In Blue Cross & Blue Shield of Montana, the insurance commissioner rejected a policy exclusion proposed by BCBS that stated the company "would not pay for health care costs of its injured beneficiaries if the beneficiaries received, or were entitled to receive, benefits from any automobile or premises liability policy." BCBS filed suit, but the commissioner's rejection was affirmed first by the trial court, then by the Montana Supreme Court. According to the justices the proposed exclusion "effectively allow[ed] [BCBS] to exercise subrogation before paying anything to its insured" (emphasis added) because it disclaimed the insurer's coverage obligations "if the insured [was] 'entitled to receive' benefits from any other auto or premises liability policy whether or not the insured actually receives any of those benefits, and whether or not the insured has been made whole."

The justices agreed that it would violate public policy for an insurer to seek subrogation before making its policyholder whole.

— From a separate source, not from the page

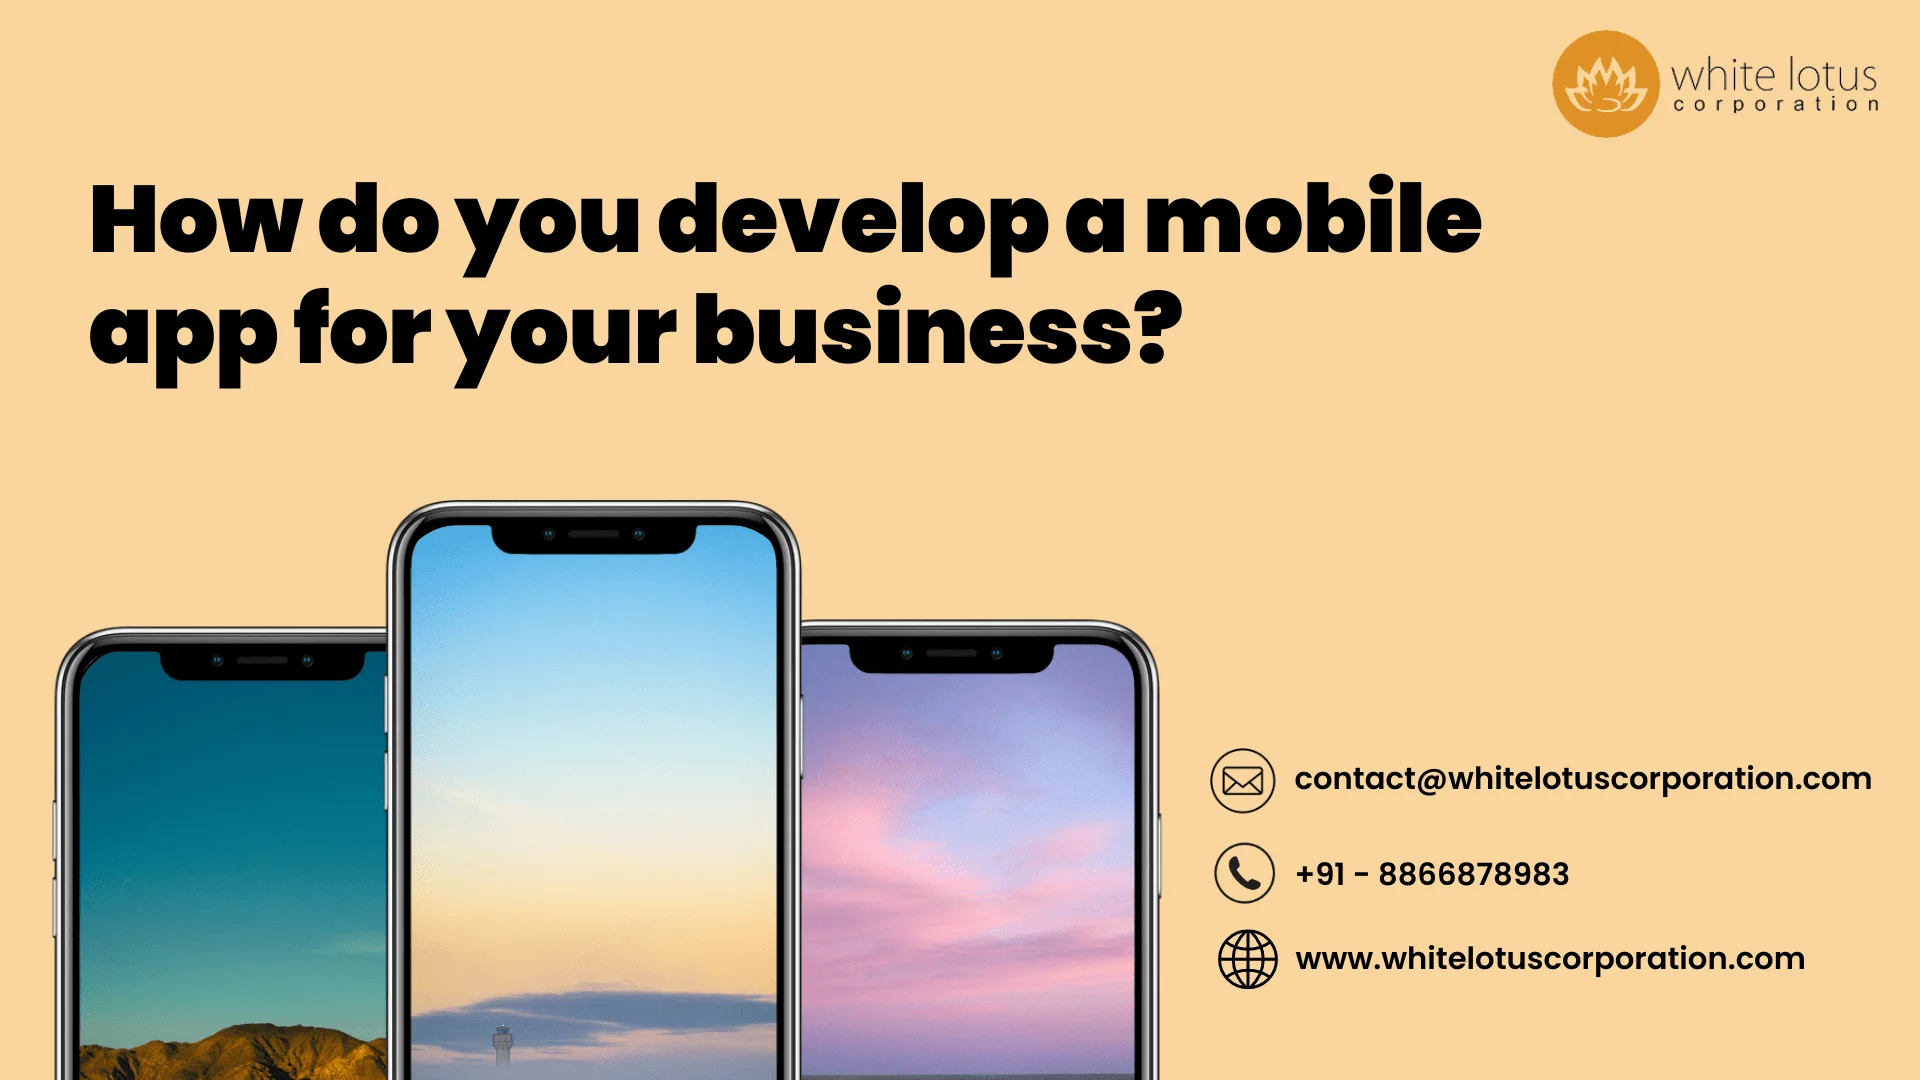 How do you-develop a mobile app for your business

However, they pointed to a curious gap in the case: there was no record of whether Scheafer's medical expenses had met or exceeded Mountain West's policy limits. Scheafer did not disclose how much she had already been paid by Mountain West or the driver of the other vehicle, so there was no way to tell if Mountain West's policy limits had been exhausted. Therefore, it was impossible for the Montana Supreme Court to corroborate Scheafer's claim that she had not been made whole. 

The justices also referenced a specific point in the "Other Insurance" clause for UIM in Scheafer's policy that stated "However, any insurance we provide with respect to a vehicle … [y]ou do not own, including any vehicle while used as temporary substitute for your covered auto[s]hall be excess over any other collectible insurance similar to the insurance provided" by the Safeco policy. (emphasis added). 

Safeco argued for the primacy of Mountain West's coverage because Mountain West was the primary insurer for Scheafer's employer, and Scheafer had been driving an employer-owned vehicle when she had the accident. Unlike the BCBS case, Safeco's UIM provision did not disclaim all liability in the presence of other applicable insurance. Rather, it stated that Safeco would pay UIM benefits only after the UIM limits of the other insurance policy had been exhausted. As previously stated, Scheafer had not disclosed the amount of benefits she had been paid by Mountain West, so there was no way to determine whether the Mountain West UIM limits had been exhausted. 

The trial court's judgment in favor of Safeco was affirmed. 

Editor's Note: Insurers only have to make payments they are obligated to pay. In this case, Safeco made it clear the company did not object to paying UIM benefits to Scheafer so long as the limit of the UIM benefits of her employer's Mountain West policy had been exhausted. However, there was no way to determine whether those limits had been exhausted. Mountain West could not supply the information because it was not a party to the case, and Scheafer had not disclosed the amount herself. Without knowing whether the Mountain West UIM limit was exhausted, there was no way to tell if Safeco was obligated to pay excess UIM limits to Scheafer.